If we double Academy class sizes then with twice as many ninja entering the pool the turnover rate must be much higher for the equilibrium populations we see (more specifically, the career lengths upon reaching their rank would halve, giving us 21-26 for Genin, 23-27 for Chuunin, and 27-32 for Jounin).

If we instead skew the ratios further towards Genin (let's say 90/9/1) then Jounin live longer and Genin live shorter (for example, that ratioset would mean 27-34/46-62/76-106 Genin/Chuunin/Jounin max ages).

If we do both, then we get 19-23/31-39/49-65 for max Genin/Chuunin/Jounin ages.

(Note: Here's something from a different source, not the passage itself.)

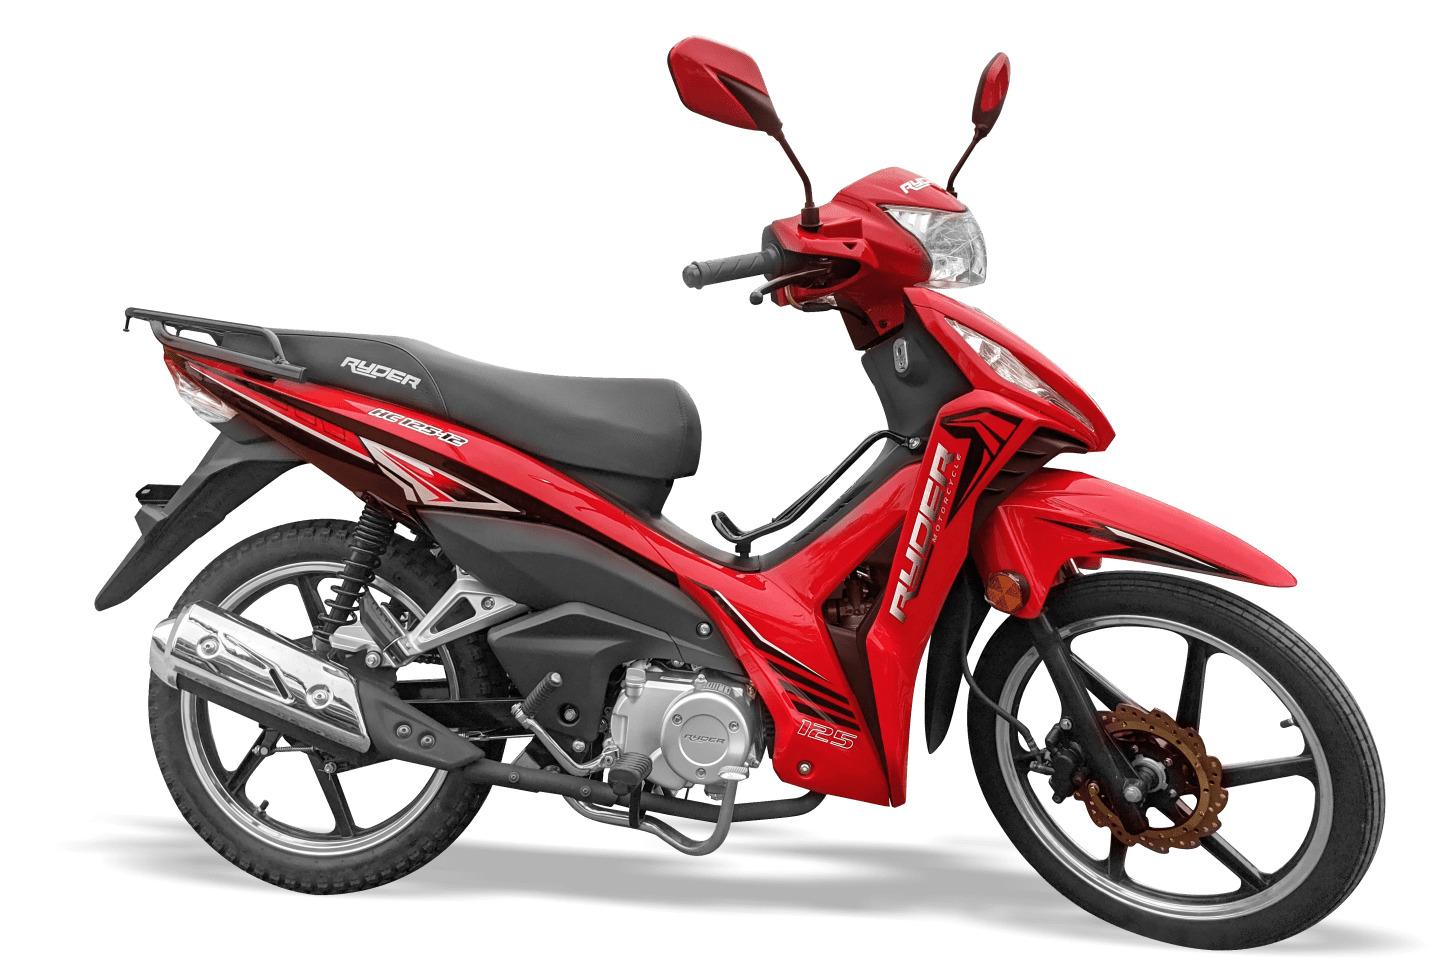 MOTO 125 RYDER HC125-12

And honestly, nothing's stopping you from doubling Academy size again and tanking the lifespans even further, or bumping up the Jounin death rate a little, or doubling down on the genin death rate. The general algorithm is:
  1. Decide the Academy class size and ratio of deaths.
  2. Multiply the ratios by the class size to get the numerical replacement rate per rank (120 academy graduates x 90% of deaths are genin = 108)
  3. Divide the population of each power tier with the replacement rate for 66% chance-of-death year (1200 genin / 108 genin per year = 11.1)
  4. Take 2/3 of that number for the 50% chance-of-death year (11.1 x 2/3 = 7.4)
  5. Add to both numbers the age the ninja reaches that rank for the power (12 + 7.4 = 19.4| 12 + 11.1 = 23.1)
If the number seems unreasonable, tinker with the starting parameters and see if it spits out something better. I can't tell you how many Academy graduates you need a year to keep the turnover rate just high enough, or how steep the ratios need to just hit the sweet spot for Jounin lifespan, but hopefully you can use this to figure things out on your end.